Comparison of Attention Mechanisms:

Attention Type	mAPH(L2)	Description
Global Attention	OOM	Out of Memory (OOM)
Deformable Attn	67.5	Flexible but does not utilize geometric information
Box Attention	67.5	Utilizes geometry but is not flexible enough
DGA (Ours)	68.2	Achieves both flexibility and geometric information

Key Findings¶

DQS contributes the most (+2.8 mAPH), validating the effectiveness of the coarse-to-fine query selection strategy.
DGA outperforms deformable attention and box attention by 0.7 and 0.7 mAPH/L2, respectively.
Heatmap-based selection performs the worst, as directly retrieving queries from BEV features is not conducive to decoder stacking.
QHM brings a larger improvement to Vehicles compared to Pedestrians and Cyclists, as the localization scores of large rigid objects are easier to estimate.
SEED-S also outperforms existing DETR methods in terms of speed (13.5 FPS on RTX 3090).

Highlights & Insights¶

Coarse-to-Fine Dual Query Selection — The strategy design of first ensuring recall and then accuracy is highly reasonable. Moreover, introducing localization scores to evaluate query quality is a novel and effective practice.
Deformable Grid Attention — Uniformly partitioning grids inside the proposal box and predicting offsets elegantly integrates geometric priors and receptive field flexibility.
First 3D DETR Method to Outperform Non-DETR SOTA — SEED-L outperforms DSVT-Voxel (L2 mAPH 73.5 vs 72.1), demonstrating the potential of the DETR paradigm in 3D detection.
Three Model Scales (S/B/L) Offered — Convenient for balancing speed and accuracy.

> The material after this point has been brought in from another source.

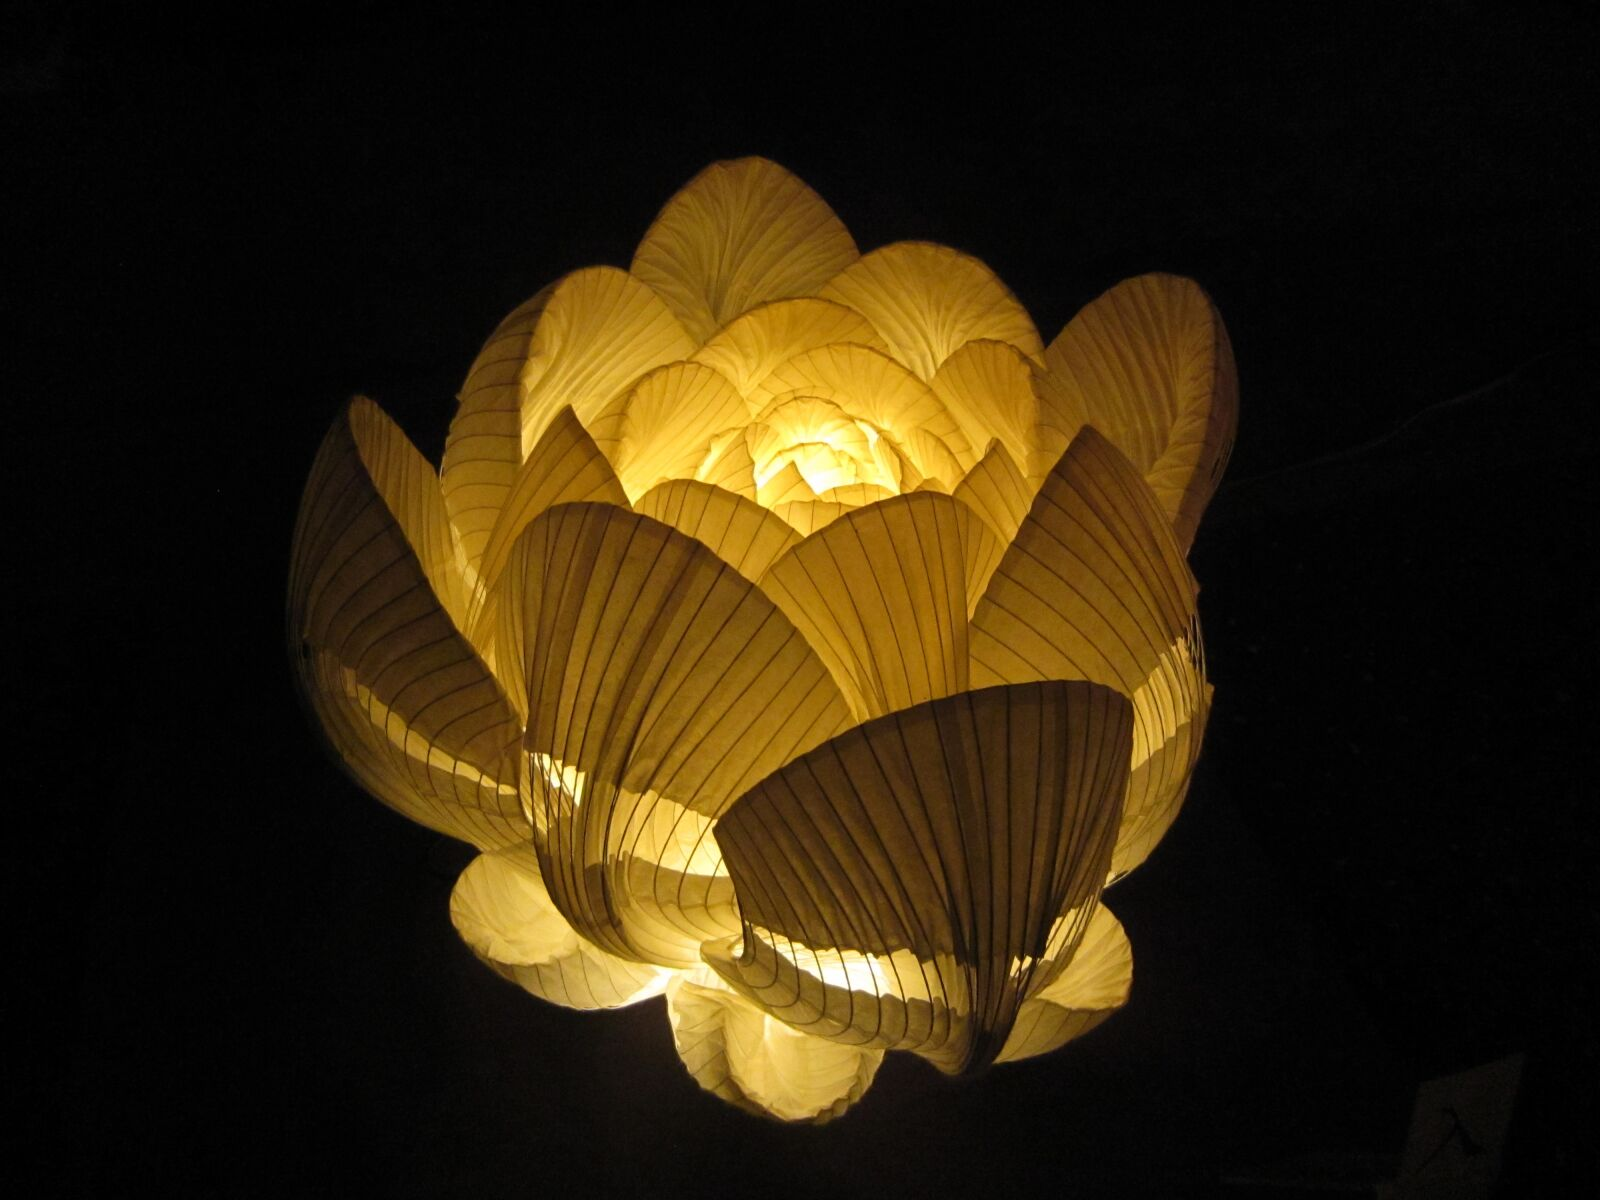 flowers, lamp, japanese paper

Limitations & Future Work¶

Insufficient performance in detecting far-away small objects, which are easier to recognize in 2D camera images — future work could incorporate multi-modal fusion.
3D backbone enhancements (e.g., DSVT) are orthogonal to SEED; their combination may yield further improvements.
The prediction accuracy of localization scores is inherently limited by the quality of the initial proposals.
The two-step DQS increases inference latency, though the overall speed remains acceptable.

The analysis of query selection strategies in 2D DETR methods (such as DINO, DN-DETR, etc.) is highly valuable.
The design philosophy of DGA can be generalized to other attention scenarios that require geometric priors.
The concept of quality-aware Hungarian matching is inspired by IoU rectification techniques in non-DETR methods such as AFDetv2 and PillarNet.
Provides a strong baseline for the development of the DETR paradigm in 3D detection.

Rating¶

Novelty: ⭐⭐⭐⭐
Experimental Thoroughness: ⭐⭐⭐⭐⭐
Writing Quality: ⭐⭐⭐⭐
Value: ⭐⭐⭐⭐⭐